TIEPOLO, Giovanni Battista
(b. 1696, Venezia, d. 1770, Madrid)

Allegory of Merit Accompanied by Nobility and Virtue

1757
Fresco
Ca' Rezzonico, Venice

The palace contains significant fresco series. Giovanni Battista Crosato, working with the Lombard quadraturist Pietro Visconti, created the decoration for the grand ballroom c. 1753-56. In 1757, three different artists, Giovanni Battista Tiepolo, Jacopo Guarana, and Gaspare Diziani, were called upon to paint the ceilings of the four rooms on the first piano nobile overlooking the Rio di San Barbaba. Tiepolo's frescoes appear on the ceilings of the first and last rooms in this series of spaces, the Room of the Nuptial Allegory and the Room of the Throne, respectively.

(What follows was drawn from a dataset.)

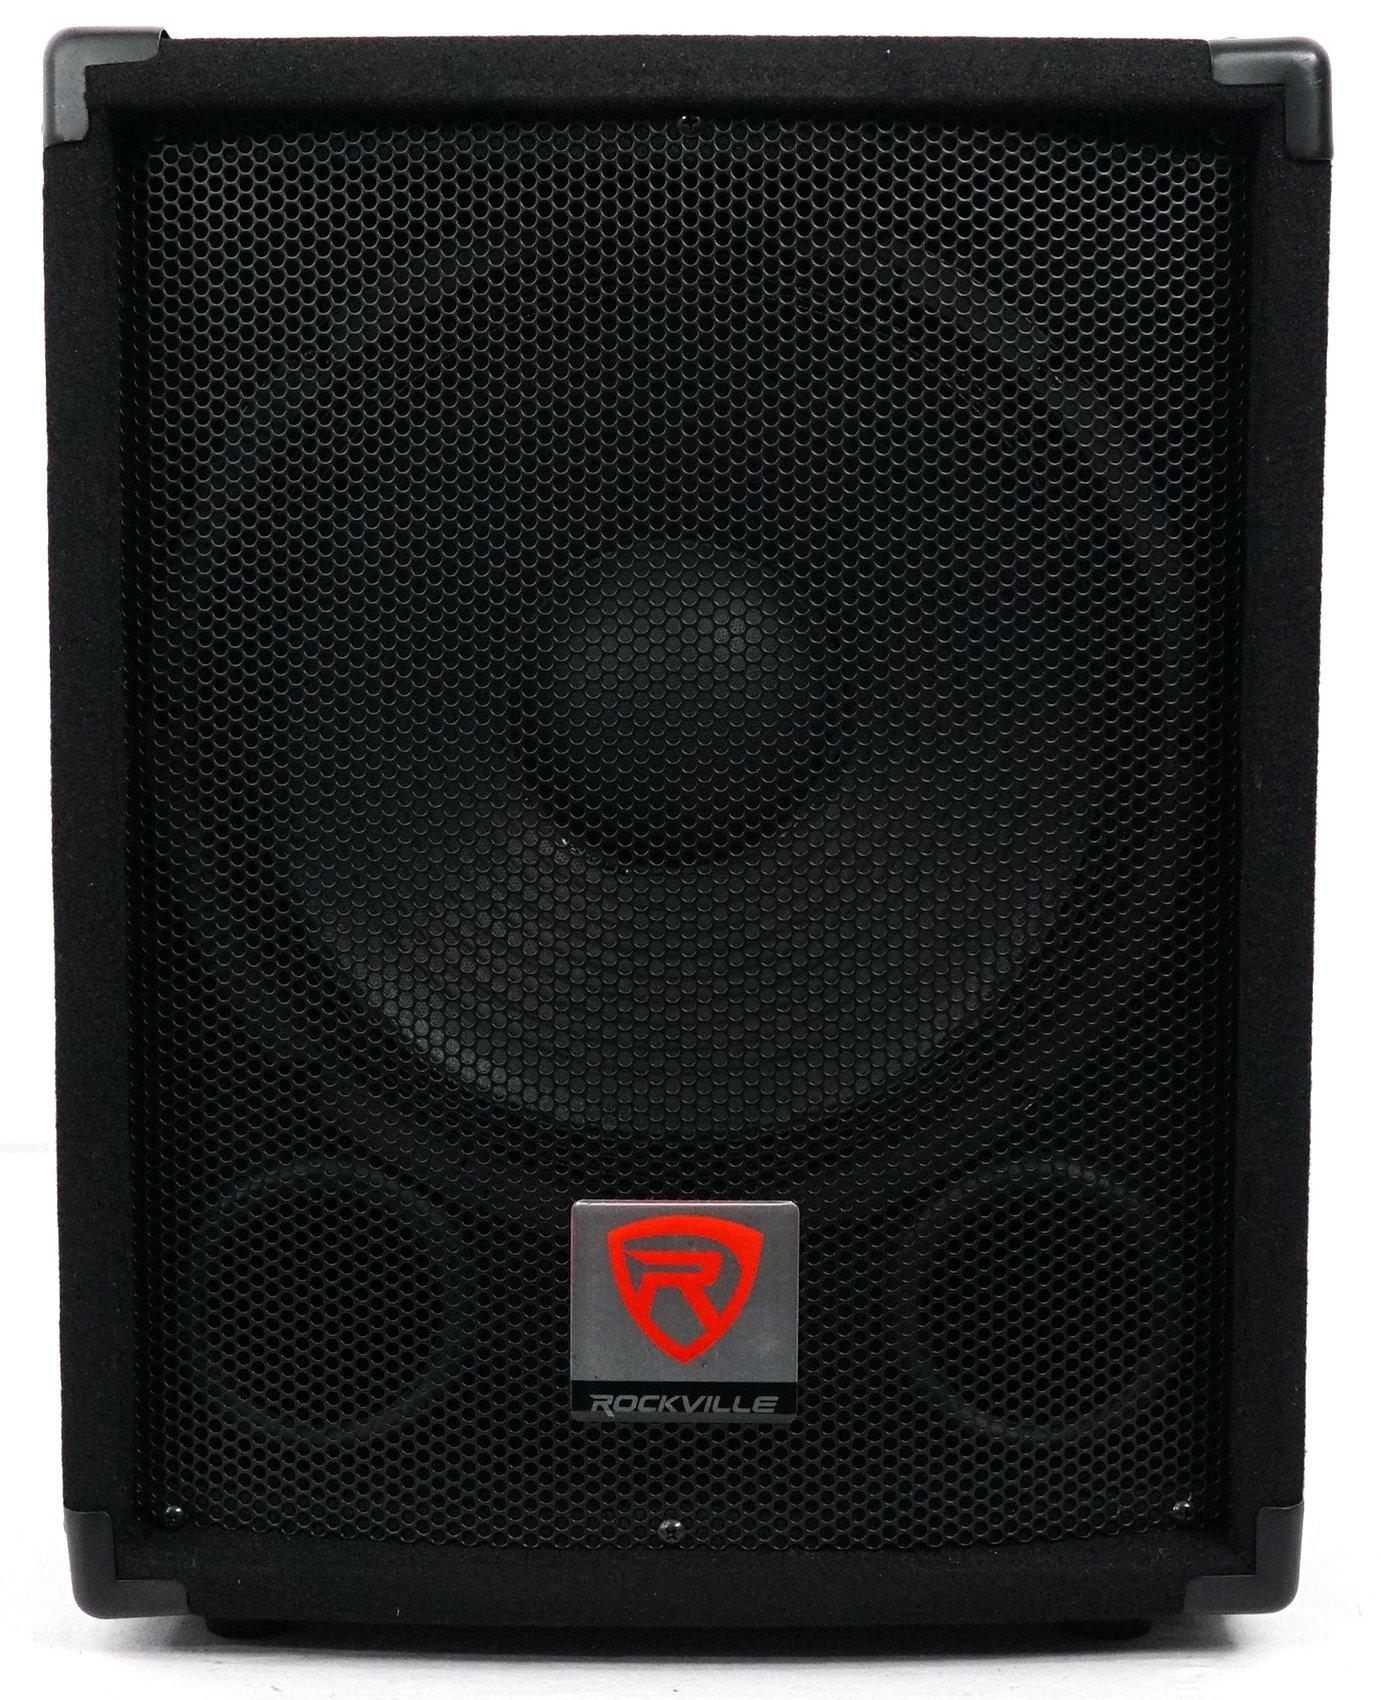 Rockville SBG1128 12'' 600 Watt Passive Pro DJ Subwoofer, MDF Cabinet/Pole Mount by Rockville (Image #1)

The ceiling in the Room of the Throne represents the Allegory of Merit Accompanied by Nobility and Virtue, Ascends to the Temple of Immortal Glory. Merit is depicted as an old, bearded man, crowned with laurel, he is accompanied in his ascent toward the circular temple of Glory by Nobility, the winged figure holding a lance, and by Virtue, the elegantly dressed figure to the right. Other allegorical figures and some swirling putti witness the scene, in which Fame also participates, sounding a trumpet above. One of the winged putti, located just under the figure of Merit, holds the Golden Book of Venetian Nobility in which the names of families that could claim a Venetian patrician were listed, and where, beginning in 1687, the Rezzonico name was also inscribed.